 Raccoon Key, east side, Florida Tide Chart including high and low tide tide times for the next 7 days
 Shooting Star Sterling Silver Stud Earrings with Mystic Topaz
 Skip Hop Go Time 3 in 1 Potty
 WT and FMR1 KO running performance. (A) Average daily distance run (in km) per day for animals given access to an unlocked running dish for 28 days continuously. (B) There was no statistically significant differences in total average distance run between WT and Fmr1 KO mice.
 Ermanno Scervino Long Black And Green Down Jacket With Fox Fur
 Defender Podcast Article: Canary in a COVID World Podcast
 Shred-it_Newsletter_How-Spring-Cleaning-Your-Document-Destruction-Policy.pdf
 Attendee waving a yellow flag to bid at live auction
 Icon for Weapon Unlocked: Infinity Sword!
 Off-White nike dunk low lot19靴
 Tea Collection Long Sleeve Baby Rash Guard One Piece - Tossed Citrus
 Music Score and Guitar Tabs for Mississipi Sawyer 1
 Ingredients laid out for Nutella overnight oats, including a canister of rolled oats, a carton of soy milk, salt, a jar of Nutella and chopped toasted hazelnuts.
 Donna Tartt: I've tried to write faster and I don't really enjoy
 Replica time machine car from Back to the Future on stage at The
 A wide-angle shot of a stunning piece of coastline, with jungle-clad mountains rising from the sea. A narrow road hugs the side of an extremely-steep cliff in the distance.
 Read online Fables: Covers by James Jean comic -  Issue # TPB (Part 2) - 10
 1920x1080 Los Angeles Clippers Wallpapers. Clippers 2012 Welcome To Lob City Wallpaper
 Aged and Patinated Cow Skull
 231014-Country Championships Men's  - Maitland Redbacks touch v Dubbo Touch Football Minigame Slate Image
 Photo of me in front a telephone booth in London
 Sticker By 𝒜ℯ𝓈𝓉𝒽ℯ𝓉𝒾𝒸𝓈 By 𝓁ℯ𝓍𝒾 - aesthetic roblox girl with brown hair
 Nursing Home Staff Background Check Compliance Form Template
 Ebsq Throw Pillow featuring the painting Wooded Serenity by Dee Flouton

### BRIEF:
Using the records above, write out exactly the lines between the one holding "Music Score and" and the one holding "Replica time machine", inclusive; leave everything else out.

### WRITTEN SOLUTION:
 Music Score and Guitar Tabs for Mississipi Sawyer 1
 Ingredients laid out for Nutella overnight oats, including a canister of rolled oats, a carton of soy milk, salt, a jar of Nutella and chopped toasted hazelnuts.
 Donna Tartt: I've tried to write faster and I don't really enjoy
 Replica time machine car from Back to the Future on stage at The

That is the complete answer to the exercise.